My mind is a mish mash of thoughts that refuse to settle, as if I too am floating through the bardo. That space between life and death, which is indeed deathly because these people in their sick boxes are indeed dead, only they refuse to believe it. They are convinced they will be able to return to fix up or complete whatever was broken or left unfinished in the past. But the decades pass, and they remain stuck, becoming more wraith like and decomposed than ever before. The tendrils of death tying them down.

My thoughts are like this, they flare bright then fade to nothing. 

I suppose there is nothing more activating of the limbic system than death. Nothing more terrifying, our deaths or the deaths of others close to us. 

Have I flipped my lid? to use the language of the emotional trauma theorists who talk of the hand diagram of the brain, an image whereby the fingers on a hand, held up but curved represent our cortex, (the lid) that part of our brain which brings logic, reasoning and thinking into our lives. 

The open palm represents the limbic system, where most of our emotions reside and intersect with the area at the base, the wrist, where our brain stem sits along with the amygdala, the centre of all our physiological responses to trauma and stress and everything else. 

In calm states the fingers are lightly curved but when we are triggered the hand opens out. Hence the expression: They flipped their lid. It’s quant and simplistic but it helps people to realise, when they’re overwhelmed they might need to find ways of calming themselves, to soothe themselves out of this triggered state into one in which they can think again about their experience. Whereby they can put their experience into words and not shut down into a dissociated state. Such as we all tend to slip when things feel too much, and we are triggered into states of fright, flight or freeze.

These ideas are not new.

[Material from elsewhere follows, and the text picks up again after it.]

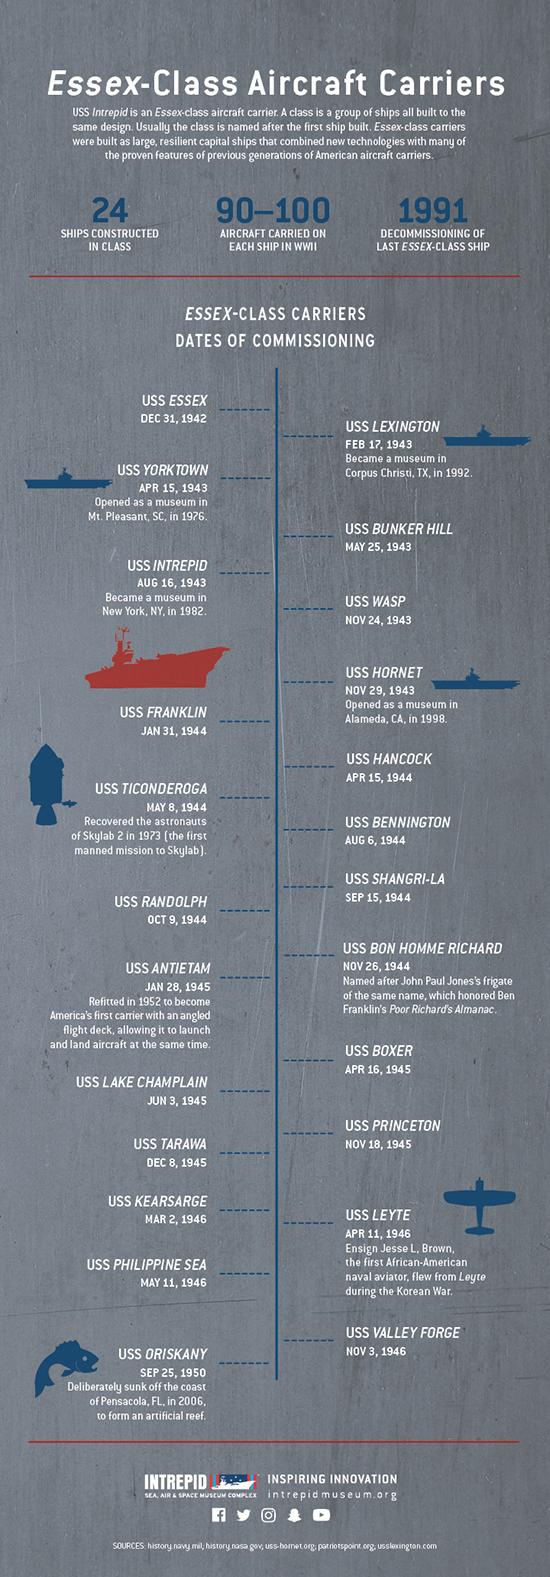 Aircraft Carrier Month: Essex-Class Carriers

People have been talking polyvagal theory for years especially those who practice as somatic therapists, but for someone like me who has long worshipped at the altar of the mind, they are a thrilling development, however much, like all ideas, they’re limited and must be approached with care.

It still does not answer my own question: have I flipped my lid?

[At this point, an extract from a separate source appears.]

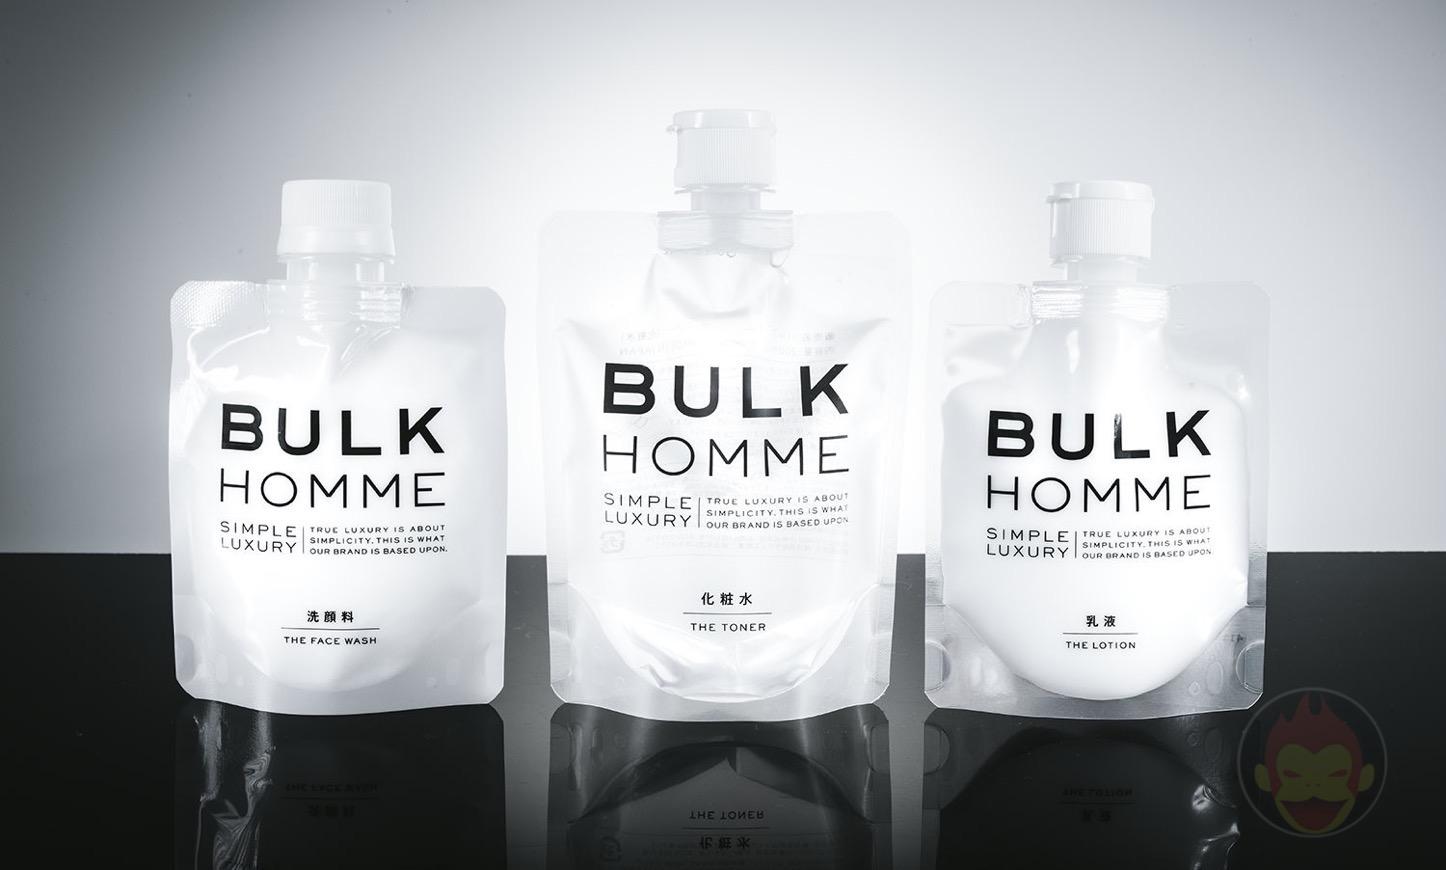 BULK HOMME フルセット

Nothing so drastic I imagine, rather my lid is hovering between a state of calm and a hyperalert state of anticipation. As if I’m readying myself for what might happen next. As if I cannot calm down and need to move beyond my writing into some type of physicality to deal with the energy trapped inside.

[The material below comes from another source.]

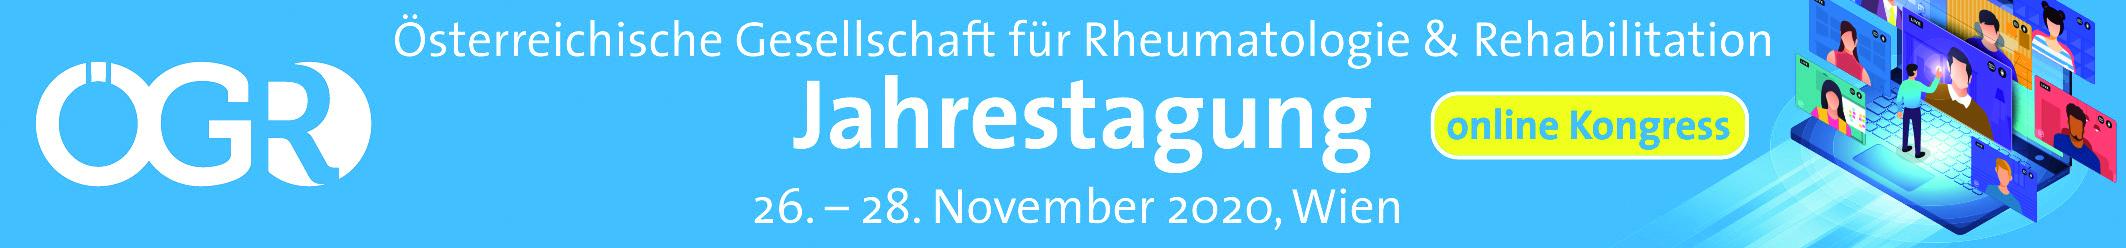 Jahrestagung der Österreichischen Gesellschaft für Rheumatologie & Rehabilitation

I wish I was asleep just now and could soon wake again refreshed and ready for the day. But it is not to be. 

3 thoughts on “A friend dies”

  1. I am sorry to hear of the loss of your friend. I, too, am newly or re-fascinated with the bardo and have been re-reading the Tibetan Book of the Dead and other bardo-related texts. it so best described even the mood of mourning — my mother died in early May, and it’s just been the strangest feeling for months. I often think of death, anyway, and am not so much afraid of it but rather dazed about it. That probably doesn’t make much sense. I’m also interested in letting the life of the mind not so much “go” but rather to think more (or less) of the future and of the past — to be in the Now, as Tolle calls it. My entire identity, though, is my thinking mind, and it’s weird and a bit awe-some in the old sense of the world to contemplate life without that.

  2. Yeah, I get where you’re coming from. A few months back I learned of death of a young woman barely in her forties. I’d known here in her late teens. She was a regular at our house and would come with us to play badminton. For some reason she and I really hit it off. I never quite worked out why—she had a decent dad and a good relationship with him so I wasn’t being asked to play the daddy role—but it’s always nice when someone likes you for no good reason. Oddly—and I should add, thankfully—I wasn’t attracted to her and so what we had stayed unsullied. Like you and your late friend we hadn’t spoken in over twenty years. As I said in the poem I wrote at the time: “I abandoned you long before I lost you,” so it’s odd that I felt her loss so deeply because I’m a realist and I knew we’d never meet again. I think her age had a lot to do with that. I don’t know what she died of—something COVID-related very likely—and so maybe it wasn’t loss so much I was feeling as a sense of waste.